P.S. The children's shoes, which come in with Golang to make reptiles, have a lot more performance than Python, so you can try them. Will be Java children's shoes, can also focus on the next Nutch engine. It's a long way to go and study together. )

Preliminary study on Scrapy frame crawler--zhongguancun online data crawling of mobile phone parameters

Contact Us

The content source of this page is from Internet, which doesn't represent Alibaba Cloud's opinion; products and services mentioned on that page don't have any relationship with Alibaba Cloud. If the content of the page makes you feel confusing, please write us an email, we will handle the problem within 5 days after receiving your email.

If you find any instances of plagiarism from the community, please send an email to: info-contact@alibabacloud.com and provide relevant evidence.

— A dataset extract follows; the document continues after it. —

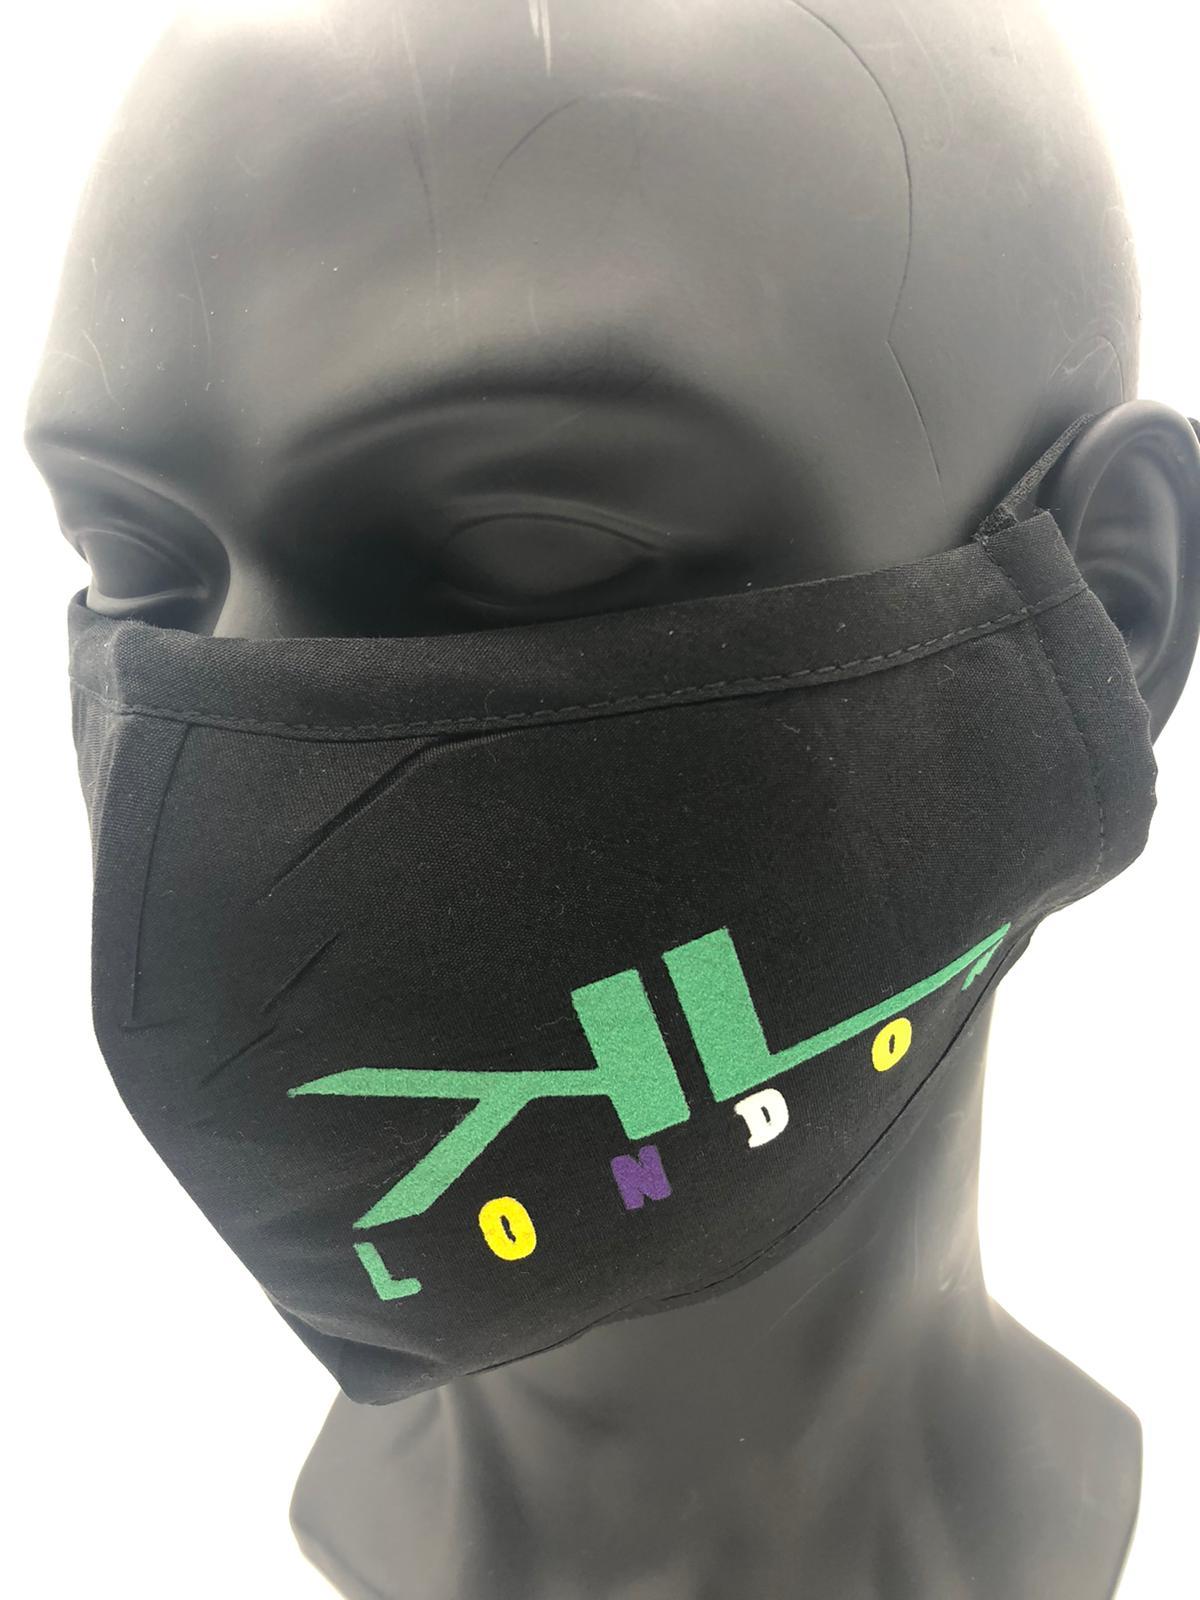 K-live Entertaimnet Mask

A staff member will contact you within 5 working days.

A Free Trial That Lets You Build Big!

Start building with 50+ products and up to 12 months usage for Elastic Compute Service

  • Sales Support

    1 on 1 presale consultation

  • After-Sales Support

    24/7 Technical Support 6 Free Tickets per Quarter Faster Response

  • Alibaba Cloud offers highly flexible support services tailored to meet your exact needs.